Description: TestServerCallContext is XML-documented as a "Mock server call context," but it is a hand-written stub/fake with no mocking framework and no verification behavior. Per the style guides (accurate naming; explain why not what), calling it a mock misleads readers who may expect verifiable interactions.

Recommendation: Reword the summary to "test stub" / "minimal ServerCallContext implementation for in-process gRPC calls."

Resolution: Resolved 2026-05-18: Confirmed — the summary read "Mock server call context for testing gRPC calls." Reworded to "Minimal ServerCallContext stub for invoking the gRPC service in-process," noting it is a hand-written fake with no verification behavior. No mocking framework is involved; this is a documentation-only fix.

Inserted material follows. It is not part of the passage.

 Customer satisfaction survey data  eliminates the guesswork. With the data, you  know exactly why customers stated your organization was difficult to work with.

Verified by build.

IntegrationTests-010

Field Value
Severity Low
Category Correctness & logic bugs
Location src/MxGateway.IntegrationTests/WorkerLiveMxAccessSmokeTests.cs:366-369
Status Resolved

Description: WaitForFirstMessageAsync accepts only a timeout and never observes a CancellationToken. There is no per-test cancellation propagation, so if the gateway/worker hangs without writing an event the test relies solely on the 15s WaitAsync timeout and gives no contextual diagnostics. Combined with IntegrationTests-004, a hung live worker produces a bare TimeoutException.

Recommendation: Accept a CancellationToken (linked to TestServerCallContext's token), pass it to firstMessage.Task.WaitAsync(timeout, token), and on timeout emit the recorded Messages count via output.WriteLine before throwing.

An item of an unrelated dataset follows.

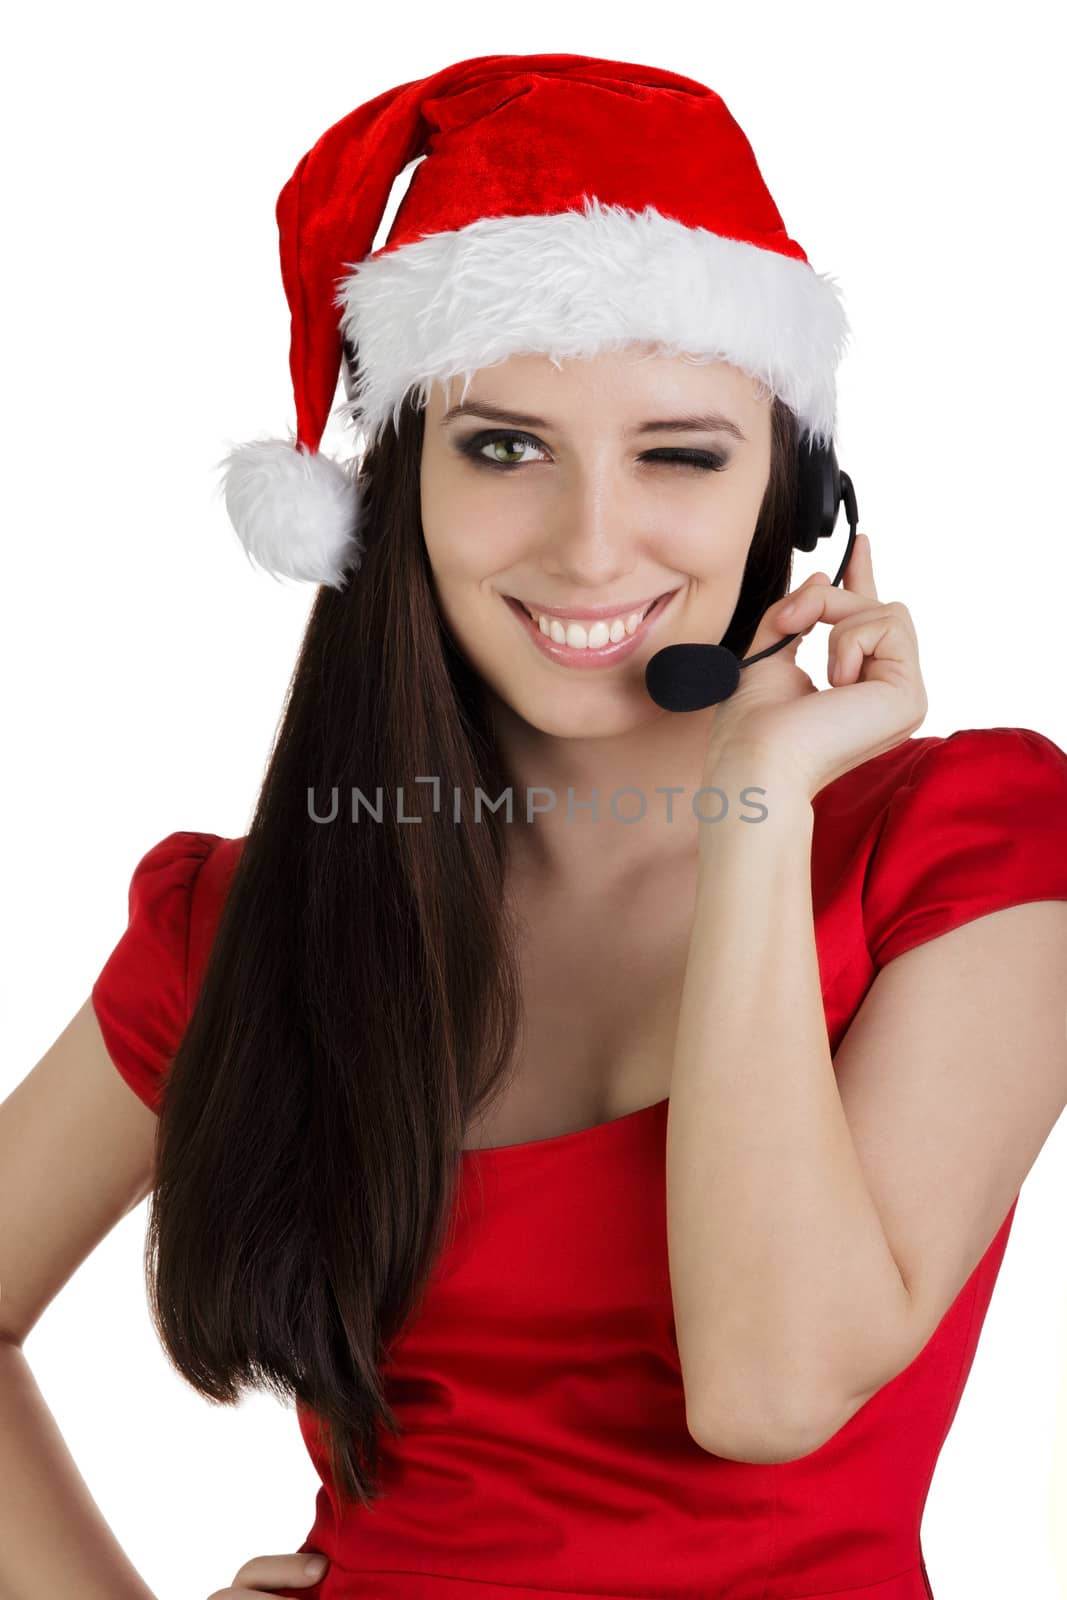 Christmas Call Center Girl by NicoletaIonescu

Re-triage: The named method WaitForFirstMessageAsync no longer exists — IntegrationTests-003's resolution renamed/replaced it with RecordingServerStreamWriter.WaitForMessageAsync(predicate, timeout), which scans recorded messages and blocks on a SemaphoreSlim. The underlying defect still held: that replacement method also took only a timeout and never observed a CancellationToken. The finding remains valid (Low, Correctness) against the renamed method; the recommendation's firstMessage.Task.WaitAsync detail is stale but the intent (thread a token, surface a count on timeout) is unchanged.

Resolution: Resolved 2026-05-18: Added an optional CancellationToken parameter to WaitForMessageAsync, linked with the existing timeout source via CancellationTokenSource.CreateLinkedTokenSource, so a per-test cancellation aborts the wait promptly. GatewaySession_WithLiveWorker_RegistersAdvisesStreamsDataAndCloses now creates a CancellationTokenSource, passes its token into the StreamEvents TestServerCallContext and into WaitForMessageAsync, so the stream call and the wait share one cancellation source. On timeout the method already throws a TimeoutException whose message includes the scanned message count, satisfying the "emit recorded count" intent (the count surfaces in the test failure rather than via a separate output.WriteLine). Verified by build; live tests not executed.